***** INPUT DATA *****

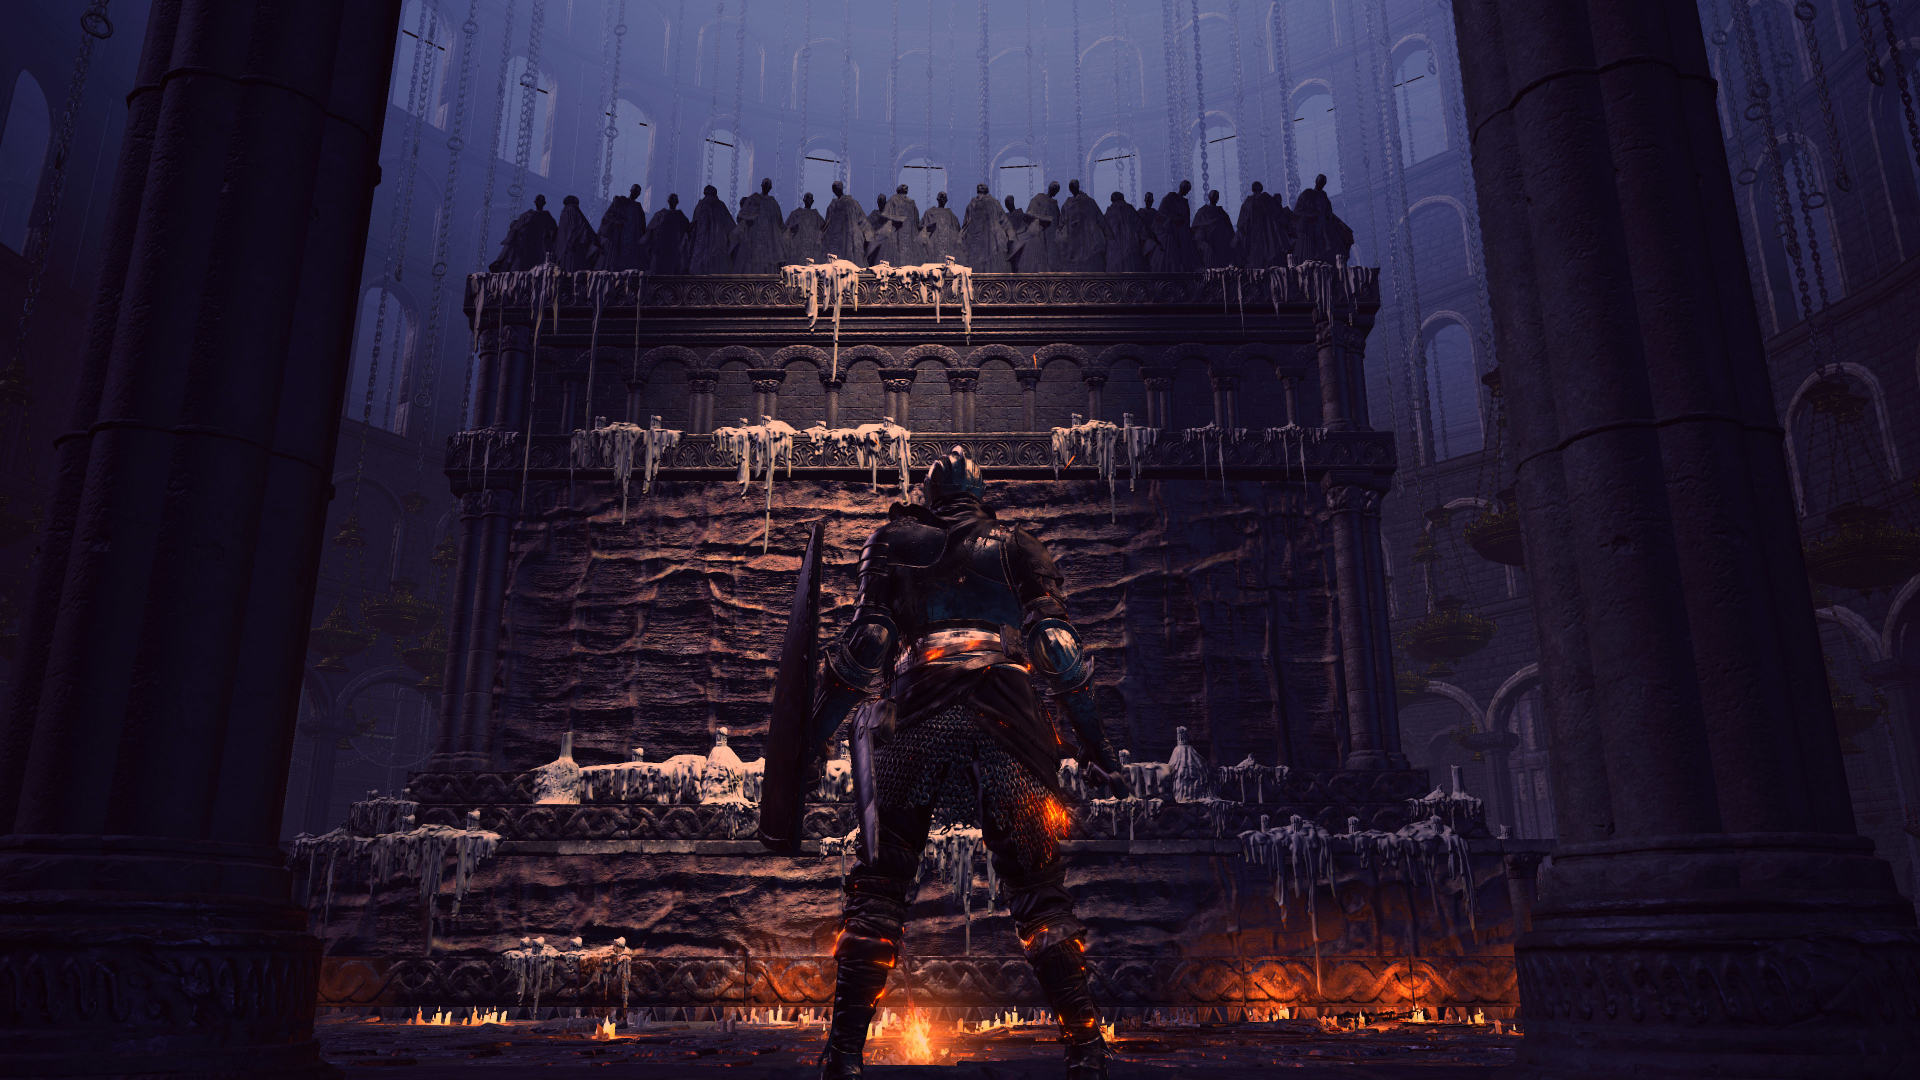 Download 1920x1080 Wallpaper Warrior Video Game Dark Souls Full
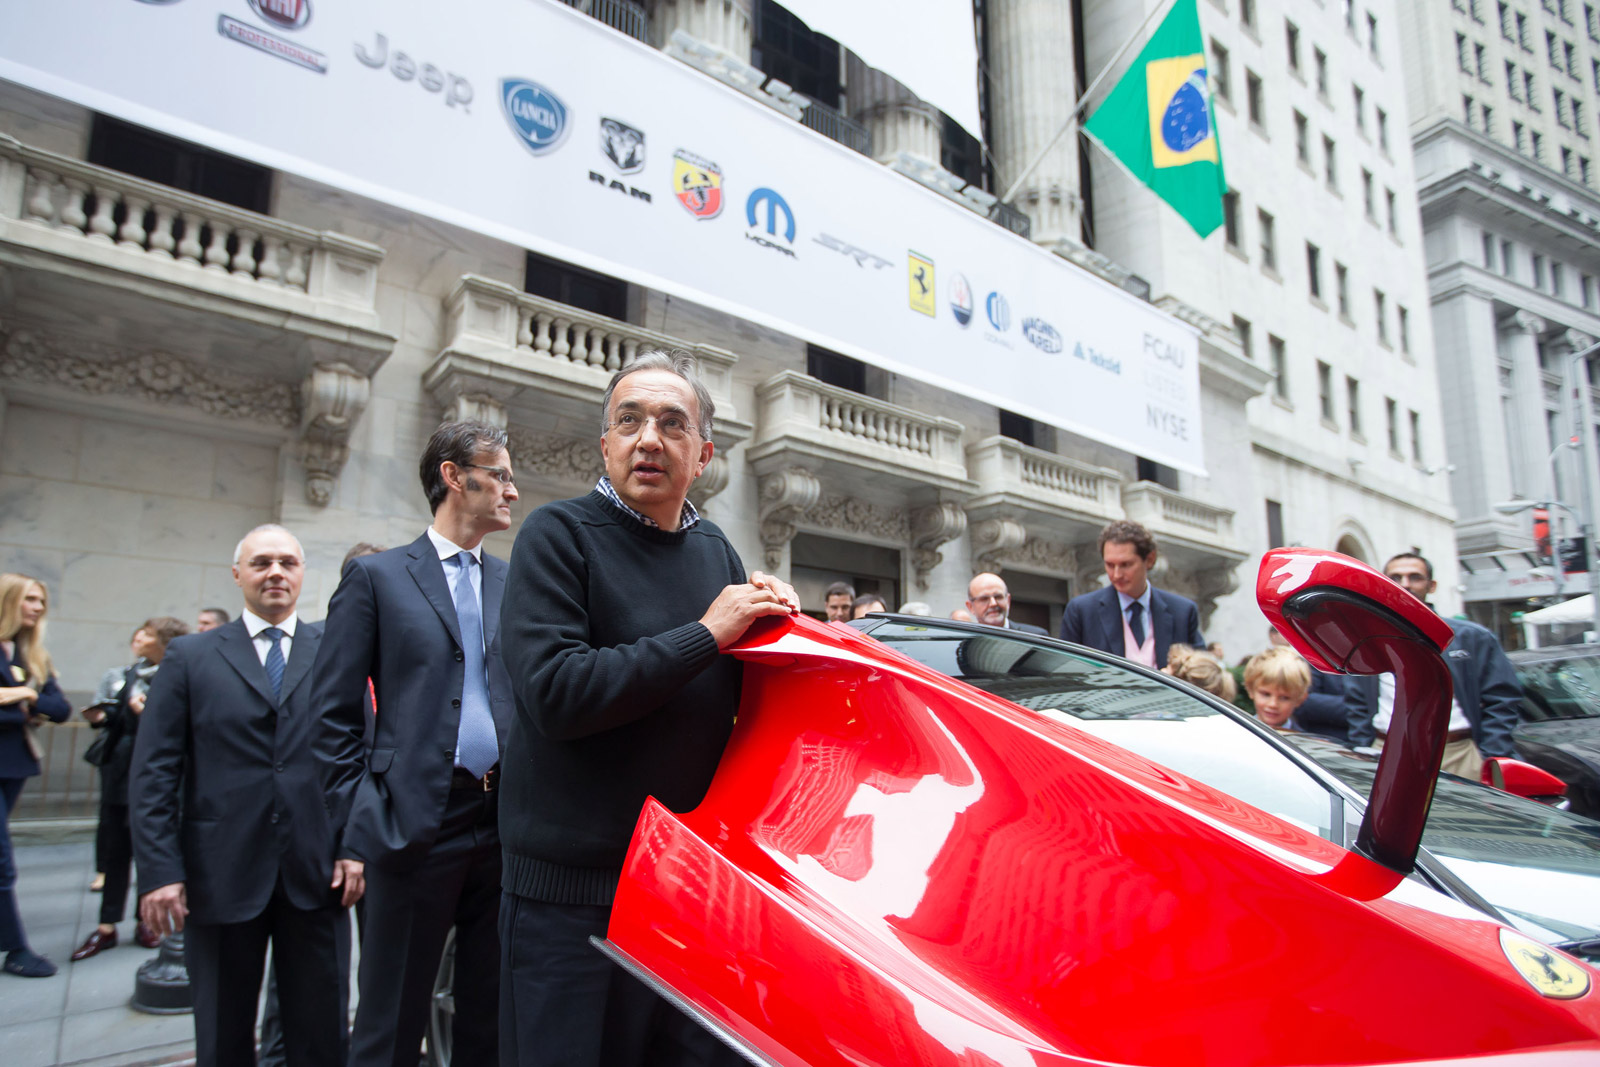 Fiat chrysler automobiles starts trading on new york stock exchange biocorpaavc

*****
***** INPUT DATA *****

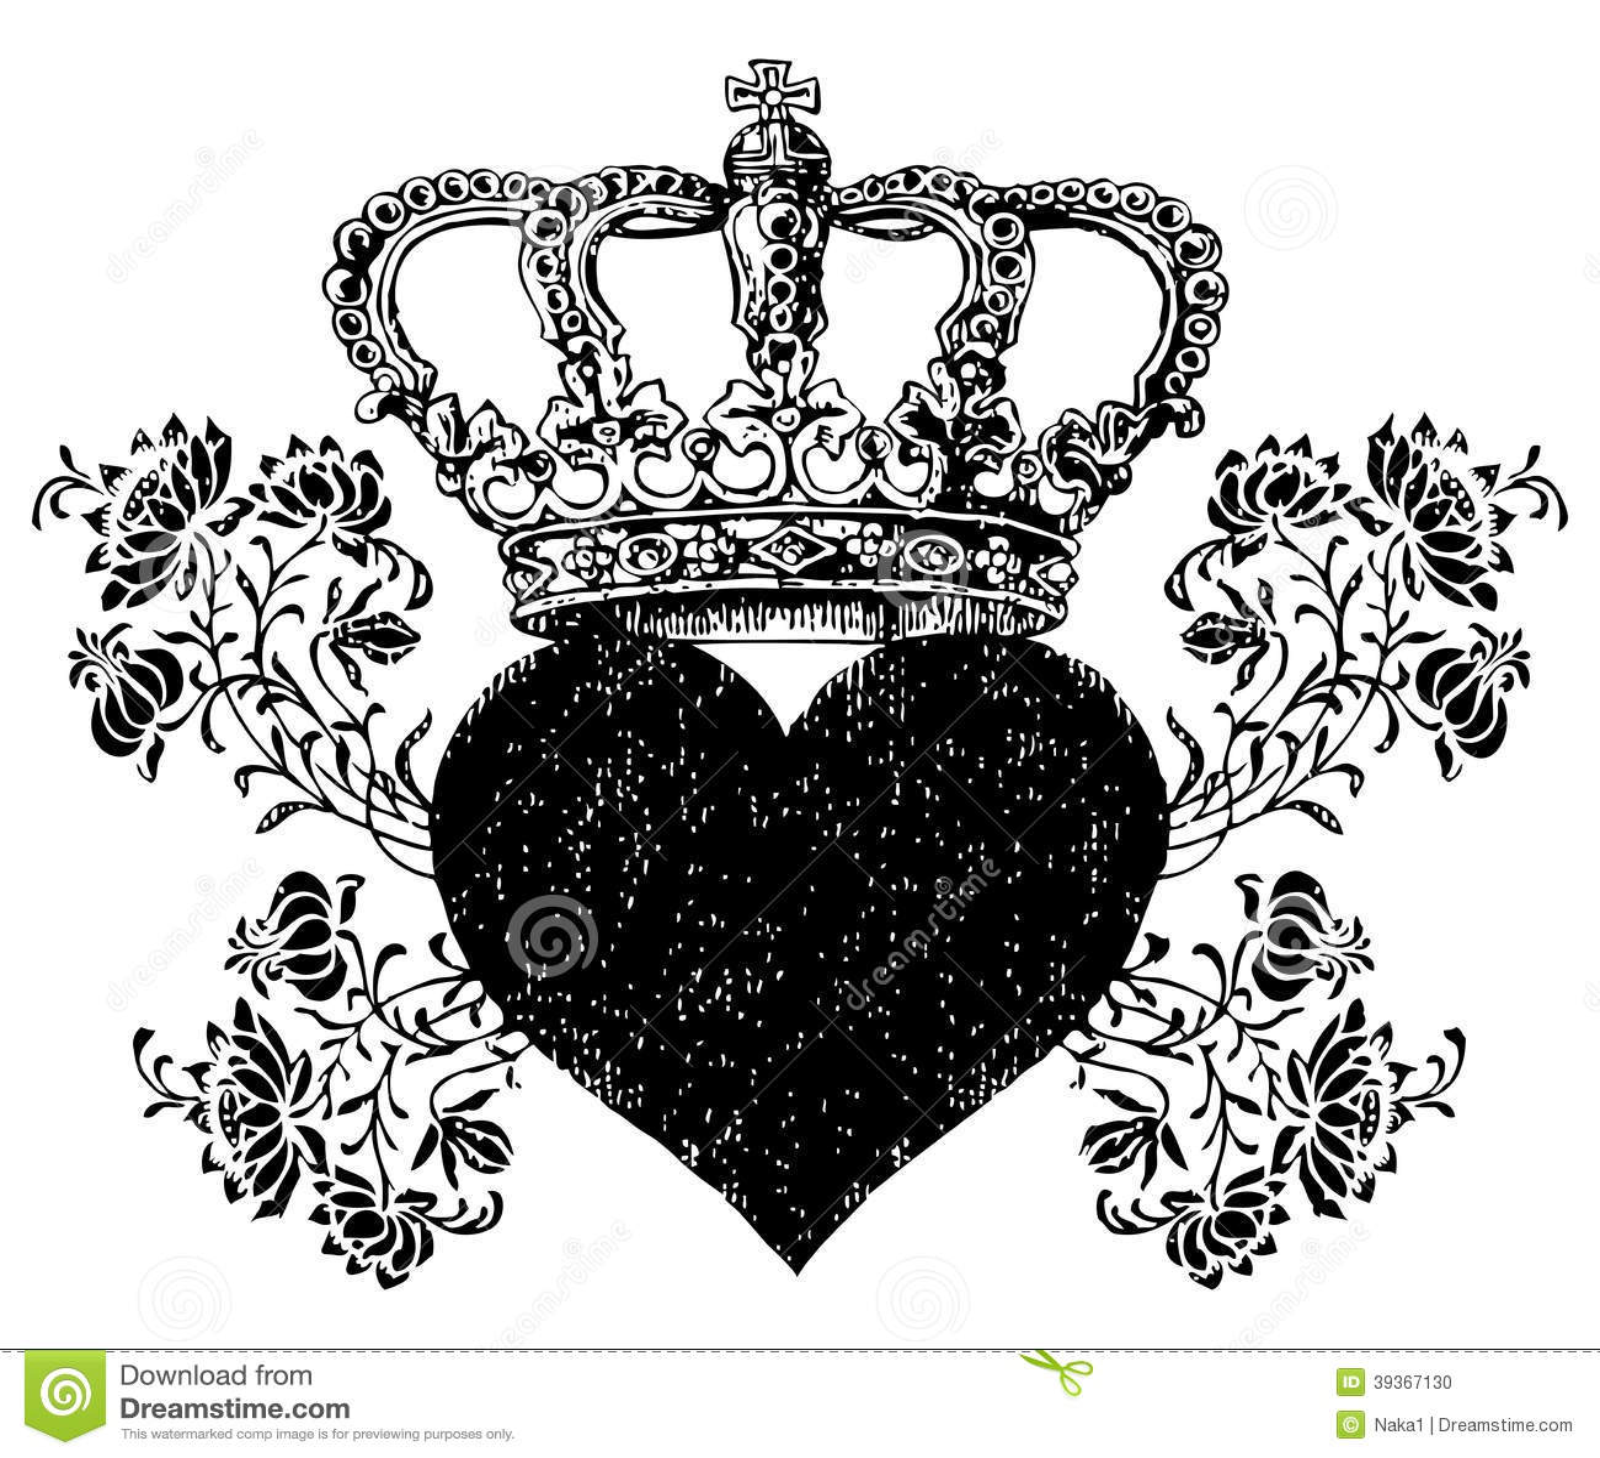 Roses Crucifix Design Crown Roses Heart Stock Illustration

*****

**WHAT YOU NEED TO DO**.
Transcribe, word for word, the stretch of lines in the data above from the one with "Download 1920x1080 Wallpaper" through the one with "Fiat chrysler automobiles"; omit all pictures.

**EXERCISE OUTPUT**.
 Download 1920x1080 Wallpaper Warrior Video Game Dark Souls Full
 Fiat chrysler automobiles starts trading on new york stock exchange biocorpaavc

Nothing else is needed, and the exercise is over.